More concentrated eye-traversing approach is perceived for relatively better quality contents (e.g. Newspaper sequence image in (b)). The opposite is noticed in (e) for which the pupil-size sharply increases in (c), while the gaze event duration notably decreases in (f).

Let us first concentrate on Fig. 1 in which (a) and (d) represent a multiview video sequence namely Newspaper encoded as good and poor quality respectively, while (b) and (e) demonstrate the eye traversing approach of a viewer for good and poor quality image contents respectively. The tracked gaze plots indicate more concentrated eye-traversal for relatively better quality contents.
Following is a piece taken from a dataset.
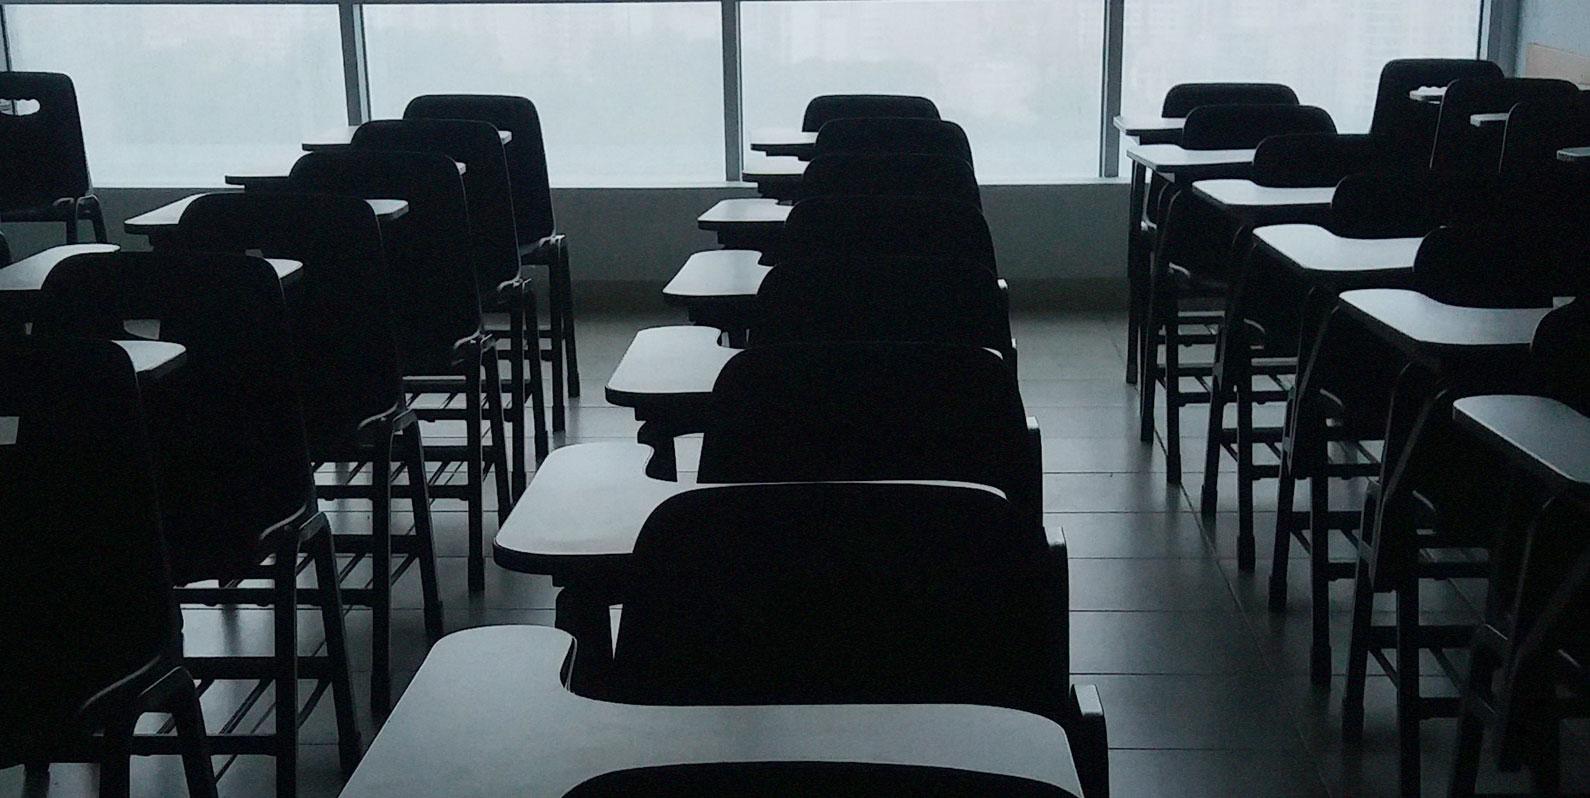 A corrida pela transformação do mercado educacional finalmente começou

Now if we determine Length (L) and Angle (A) features for the gaze plots, they could explicitly tell about the viewers pattern browsing (i.e. smooth or random as depicted in Fig. 1(b) and (e)). Then we discover that the quality variation effects on both Pupil-size (P) and Gaze-duration (T) variation presented in Fig. 1(c) and (f), thus, we calculate four cardinal features- L, A, P, and T for each potential gaze plot (PGP) from the gaze trajectory. The PGPs in this test are defined by the fixations (i.e. visual gaze on a single location) and saccades (i.e. quick movement of eyes between two or more phases of fixations). The content and resolution invariant operations are then performed on the features and adaptively synthesized using a weighted function to develop the proposed QMET. The higher QMET score promises good quality video as the viewers could better capture its content information with smooth global browsing. Experimental results reveal that the quality evaluation carried out by the QMET could better perform compared to the objective metric SSIM, and the subjective estimator MOS. Since the eye tracker data could be easily captured today by directly employing the software based eye-tracking simulator (i.e. device itself is no longer required), the utility of the QMET could also be more flexible simple simulator generated data set.

2 Proposed Method

First of all, by employing the HEVC [22] reference software HM15.0 [23], different video quality segments were generated and then watched by a group of participants. The processed eye-tracker recorded data were analyzed using four quality correlation features, i.e. L, A, P, and T. The content and resolution invariant operations were carried out on the features and the features were synthesized by an adaptive weighted function to develop a new metric- QMET. The process diagram of the entire process is presented in Fig. 2, while the key steps are described in the succeeding sections.

Fig. 2.
figure 2

Process diagram of the proposed QMET development.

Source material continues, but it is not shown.